Ethan Twomey

Personal information
- Native name: Ethan Ó Tuama (Irish)
- Born: 14 September 2002 (age 23) Cork, Ireland
- Height: 6 ft 3 in (191 cm)

Sport
- Sport: Hurling
- Position: Midfield

Clubs*
- Years: Club / Apps (scores)
- 2020-present 2020-present: St Finbarr's (SH) St Finbarr's (SF) / 13 (3-16) 7 (2-08)

Club titles
- Football / Hurling
- Cork titles: 2 / 1
- Munster titles: 1 / 0

College
- Years: College
- 2021-2025: University College Cork

College titles
- Fitzgibbon titles: 0

Inter-county**
- Years: County / Apps (scores)
- 2021-present: Cork / 5 (0-01)

Inter-county titles
- Munster titles: 1
- All-Irelands: 0
- NHL: 1
- All Stars: 0
- * club appearances and scores correct as of 21:26, 5 July 2023. **Inter County team apps and scores correct as of 21:26, 7 July 2024.

= Ethan Twomey =

Irish hurler (born 2002)

Ethan Twomey (born 14 September 2002) is an Irish hurler. At club level he plays with St Finbarr's and at inter-county level with the Cork senior hurling team.

==Early life==

Born and raised in Cork, Twomey first played hurling to a high standard as a student at Presentation Brothers College (PBC). He was captain of the PBC hurling team that claimed the Munster U16½C HC title in 2018 after a 1-18 to 0-12 defeat of Scoil Ruáin in the final. Twomey later studied at University College Cork and was added to their Fitzgibbon Cup panel in 2023.

==Club career==

A family connection resulted in Twomey playing some juvenile hurling and Gaelic football with the Kilshannig club in Avondhu; however, his underage club career began in earnest with the St Finbarr's club in Cork. He had his first success in 2020 when he captained St Finbarr's to a 2-21 to 3-11 defeat of Sarsfields to claim the Cork Premier 1 MHC title.

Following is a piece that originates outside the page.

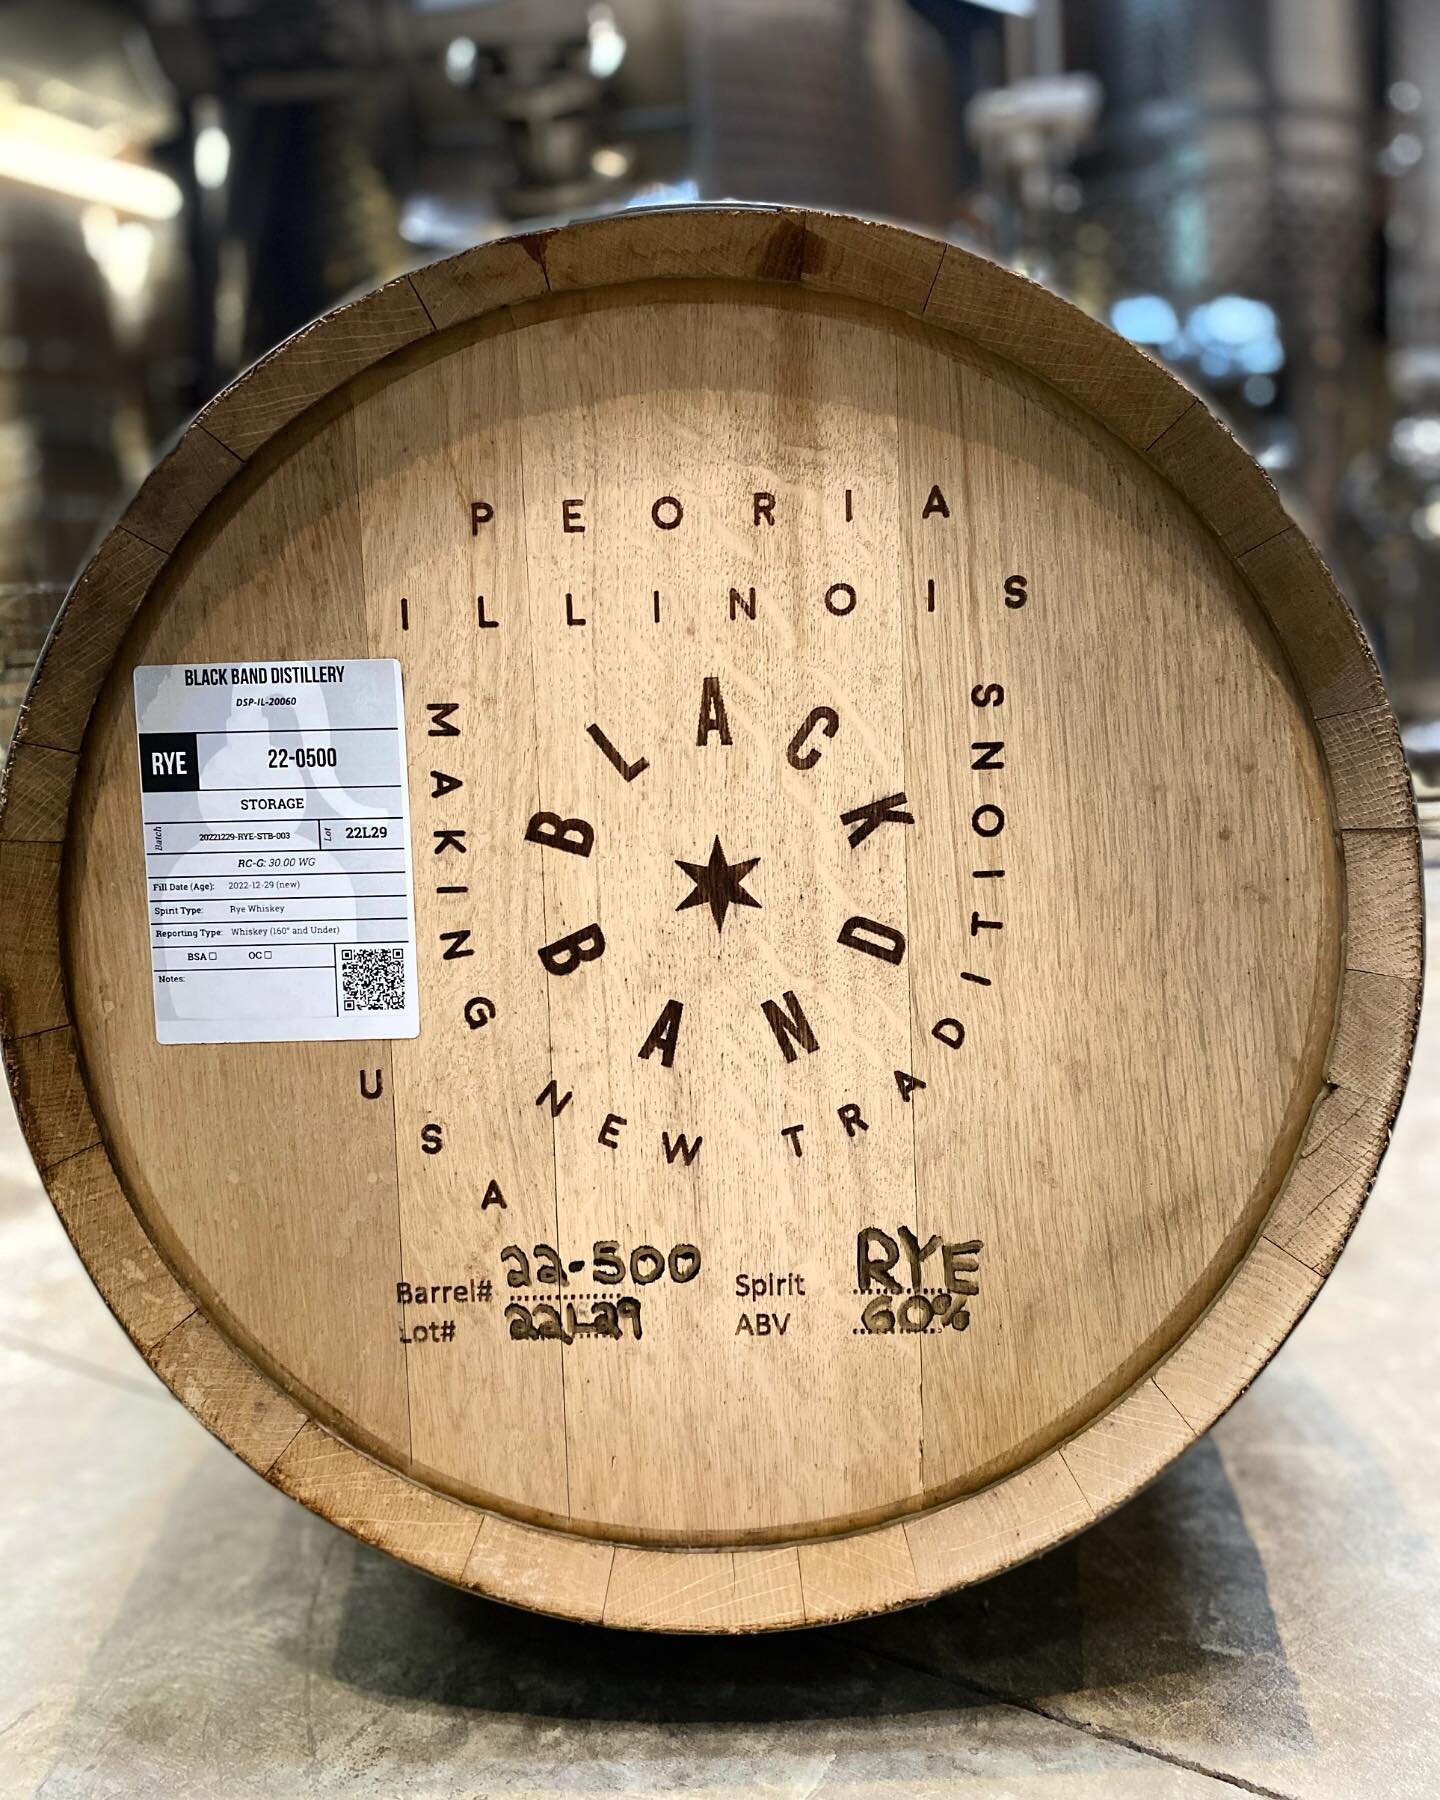 We don&rsquo;t say much about our whiskey production. We&rsquo;re quietly laying down barrels for the years to come. Then along comes a milestone that our fans might enjoy and we feel compelled to share. It&rsquo;s no small feat to hit 500 barrels in

Twomey joined both the St Finbarr's senior hurling and Gaelic football teams in 2020. He was part of the extended panel when the club's senior football team won the Cork PSFC title after a defeat of Clonakilty in 2021. He was again part of the panel when St Finbarr's beat Austin Stacks by 2-09 to 1-10 to claim the subsequent Munster Club SFC title.

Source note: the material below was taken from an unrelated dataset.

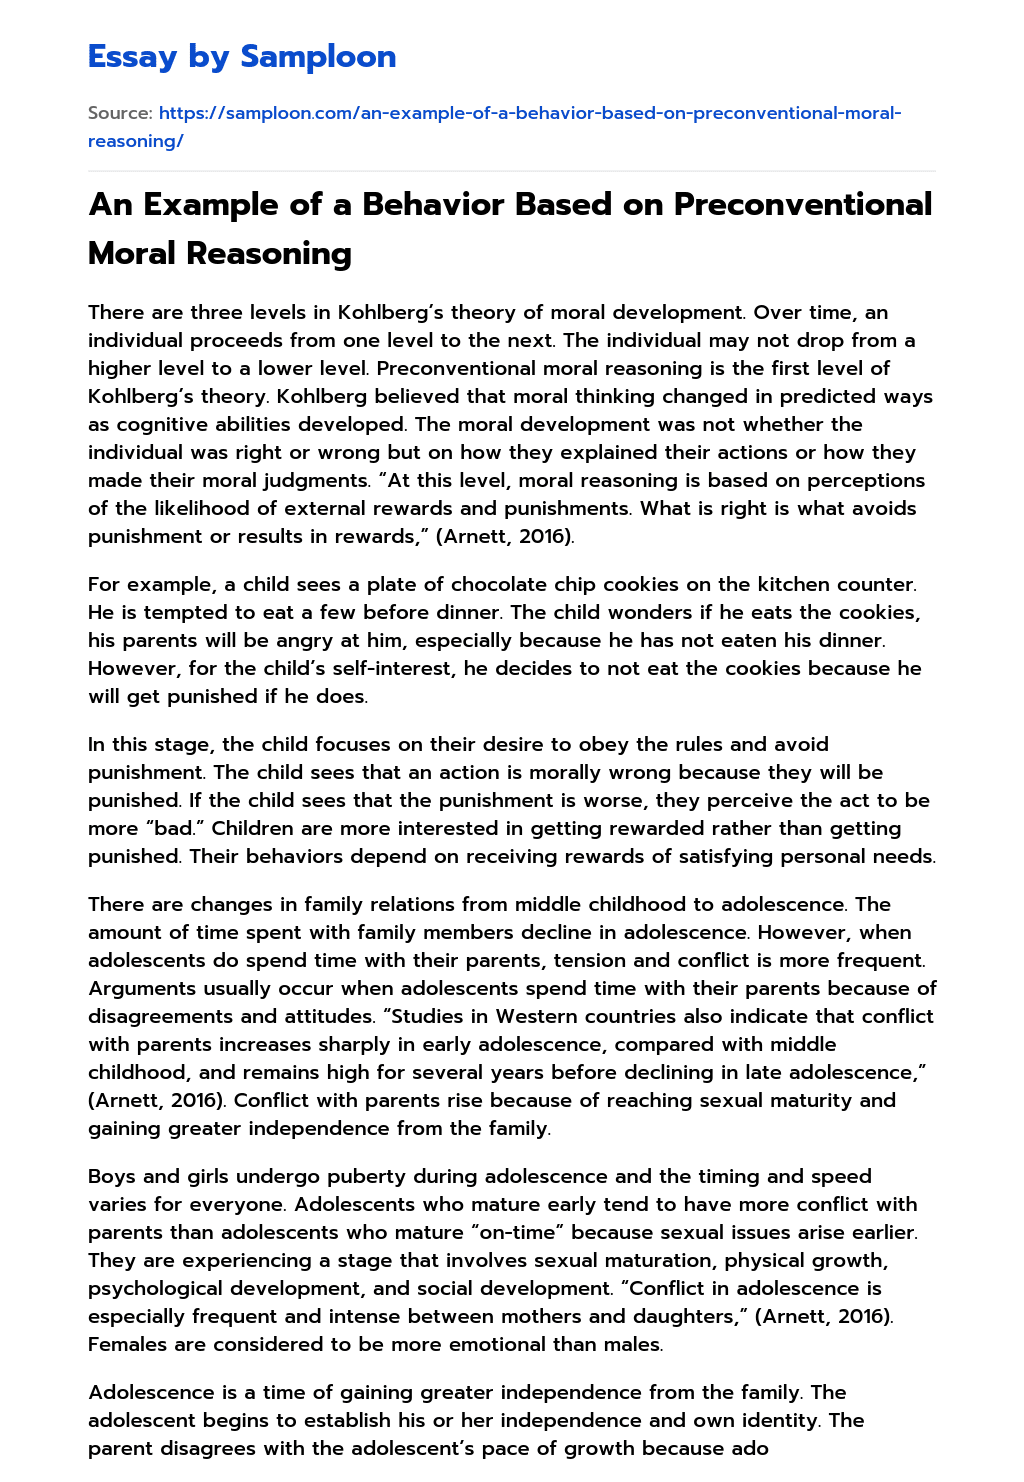 An Example of a Behavior Based on Preconventional Moral Reasoning essay

In October 2022, Twomey was at midfield when St Finbarr's beat Blackrock by 2-14 to 1-07 to win their first Cork PSHC title in 19 years.

==Inter-county career==

Twomey first appeared on the inter-county scene with Cork as a member of the minor team in 2018, before serving as team captain for a period in 2019. His minor career ended without success, however, he immediately progressed to the under-20 team. Success in this grade was immediate with Twomey claiming Munster and All-Ireland U20HC medals as a member of the extended panel in 2020 after respective defeats of Tipperary and Dublin. He broke onto the starting fifteen the following year claimed a second successive Munster U20HC medal after a two point defeat of Limerck in the final. Twomey subsequently collected a second successive winners' medal after a defeat of Galway in the 2021 All-Ireland U20 final. His third and final year in the under-20 grade in 2022 ended with a defeat by Tipperary.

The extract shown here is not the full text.